Hard parts: adult dorsal exoskeletons reach about 10 mm in length (including the pygidial spine). The cephalon is semicircular, with a narrow flattened rim crossed by radiating furrows around the front margin. The glabella is narrow and anteriorly pointed with weak lateral constrictions; a delicate spine (usually broken off and not seen) extends up and back from the occipital ring. Tiny eyes are located well out on short, narrow cheeks bounded by proparian facial sutures. There are two thoracic segments. The pygidium is about the same size and outline shape as the cephalon, with a narrow axis of five rings and a terminal piece bearing a slender rearward projecting spine (often broken off). Faint pleural furrows may be visible on the pygidium.
P. walcotti is very similar, but the dorsal exoskeleton bears fine granules.
Unmineralized anatomy: not known.
P. bootes is very common in the Walcott Quarry. It is the third most common trilobite with at least 1000 specimens observed (Caron and Jackson, 2008), prompting Rasetti (1951) to define the “Pagetia bootes faunule” as the conventional shelly fossil assemblage associated with the exceptionally preserved soft-bodied biota. The co-occurring P. walcotti is very rare.
Adult eodiscine trilobites were members of the mobile benthic epifauna, possibly, like their co-occuring agnostine cousins, micrograzers or deposit (particle) feeders, adapted to colder, deeper, offshore waters.

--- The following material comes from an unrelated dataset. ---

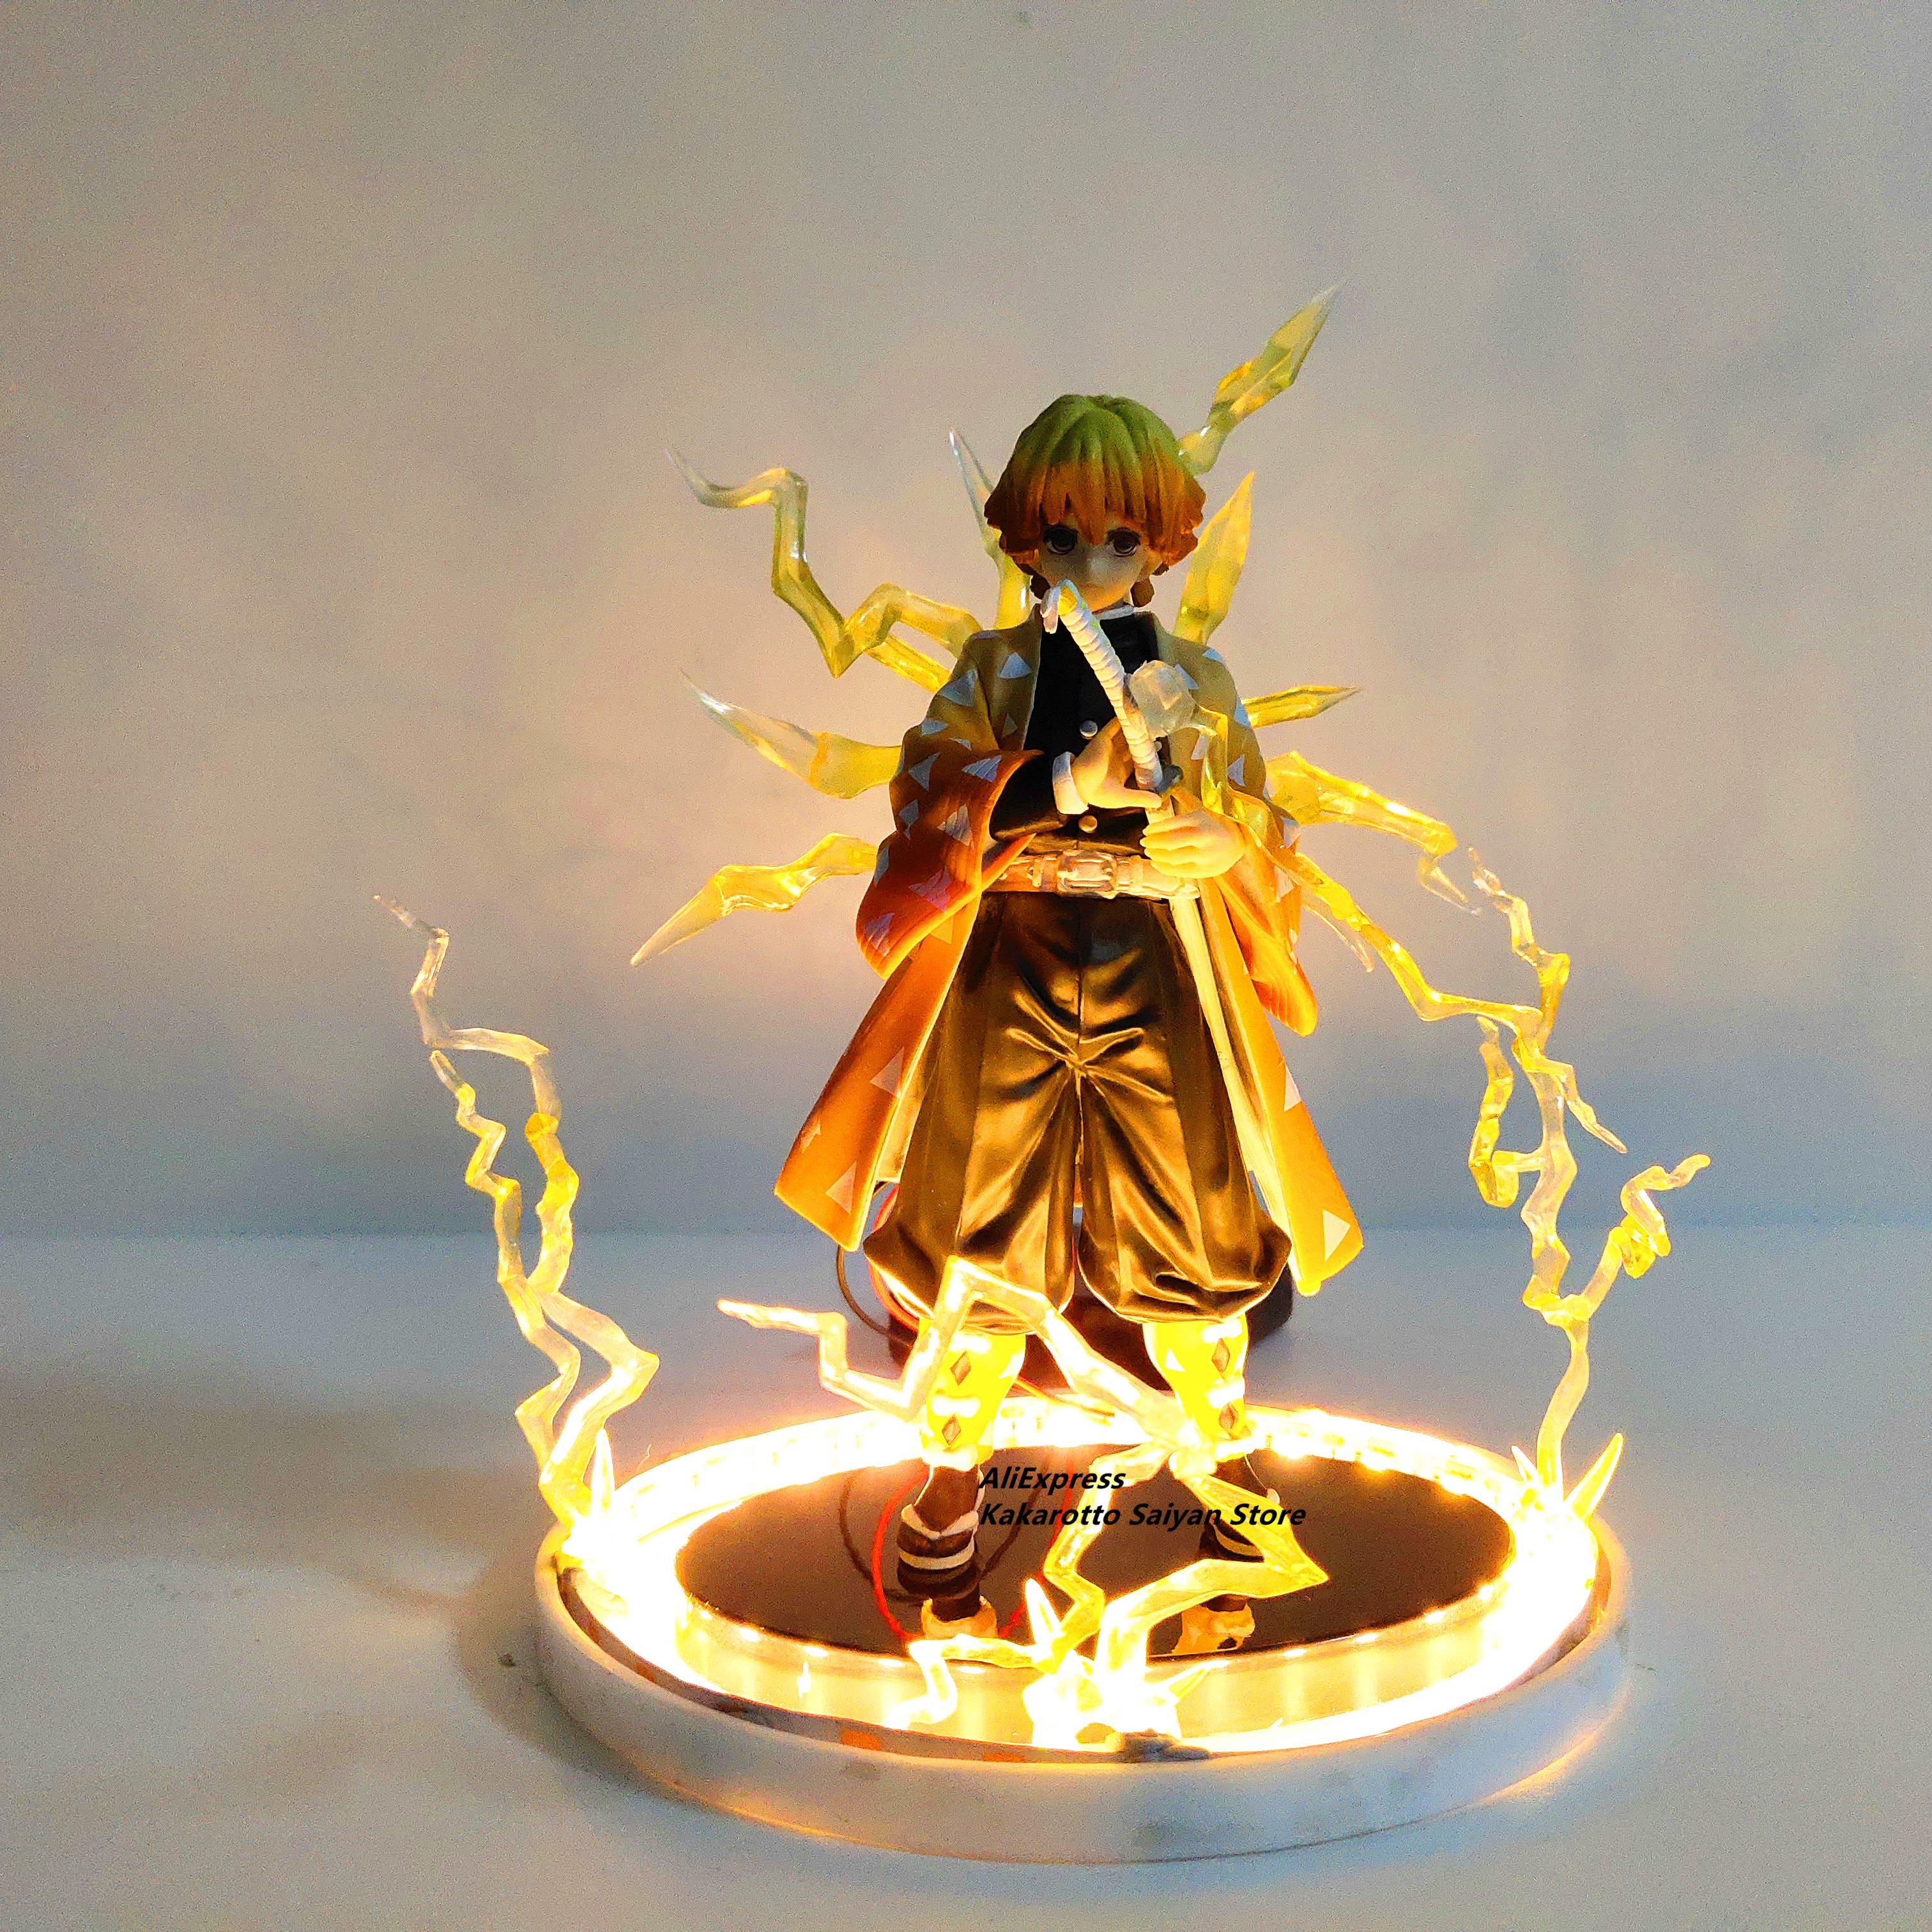 Dämon Slayer Agatsuma Zenitsu PVC Action-figuren Thunderclap und Flash Wirkung Anime Kimetsu keine Yaiba Figurine Modell Spielzeug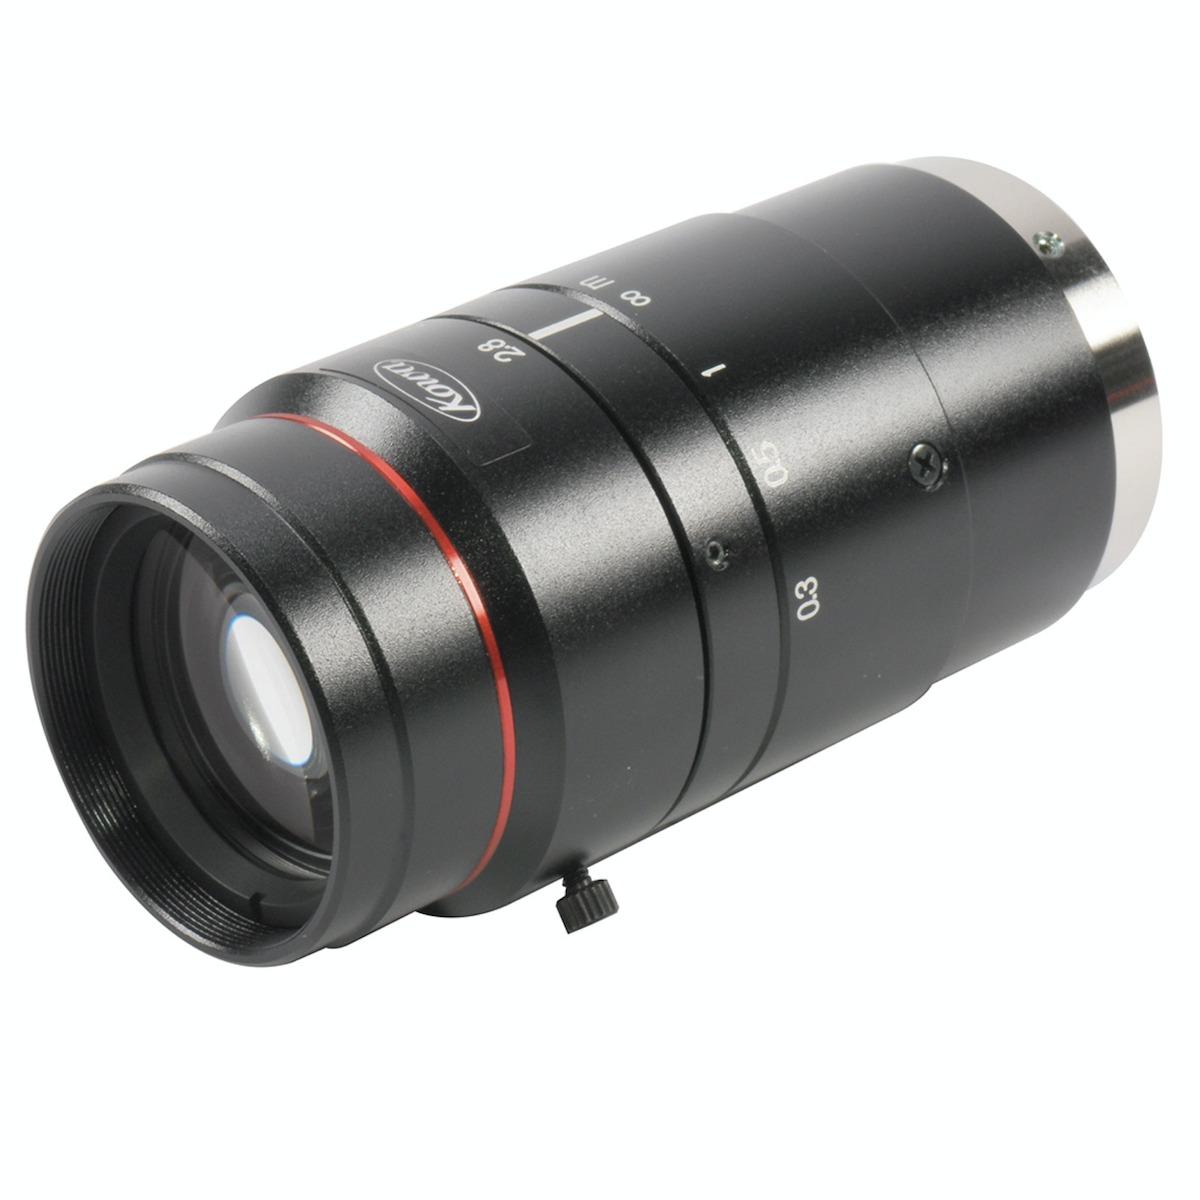 Kowa LM50JC10M lens 3/4 view

CARON, J.-B. AND JACKSON, D. A. 2008. Paleoecology of the Greater Phyllopod Bed community, Burgess Shale. Palaeogeography, Palaeoclimatology, Palaeoecology, 258:222-256.
RASETTI, F. 1951. Middle Cambrian stratigraphy and faunas of the Canadian Rocky Mountains. Smithsonian Miscellaneous Collections, 116(5):277 p.
RASETTI, F. 1966. Revision of the North American species of the Cambrian trilobite genus Pagetia. Journal of Paleontology, 40:502-511.
SCHOLTZ, G. AND G. D. EDGECOMBE. 2006. The evolution of arthropod heads: reconciling morphological, developmental and palaeontological evidence. Development Genes and Evolution, 216:395-415.
WALCOTT, C. D. 1916. Cambrian trilobites. Smithsonian Miscellaneous Collections, 64(5):301-456.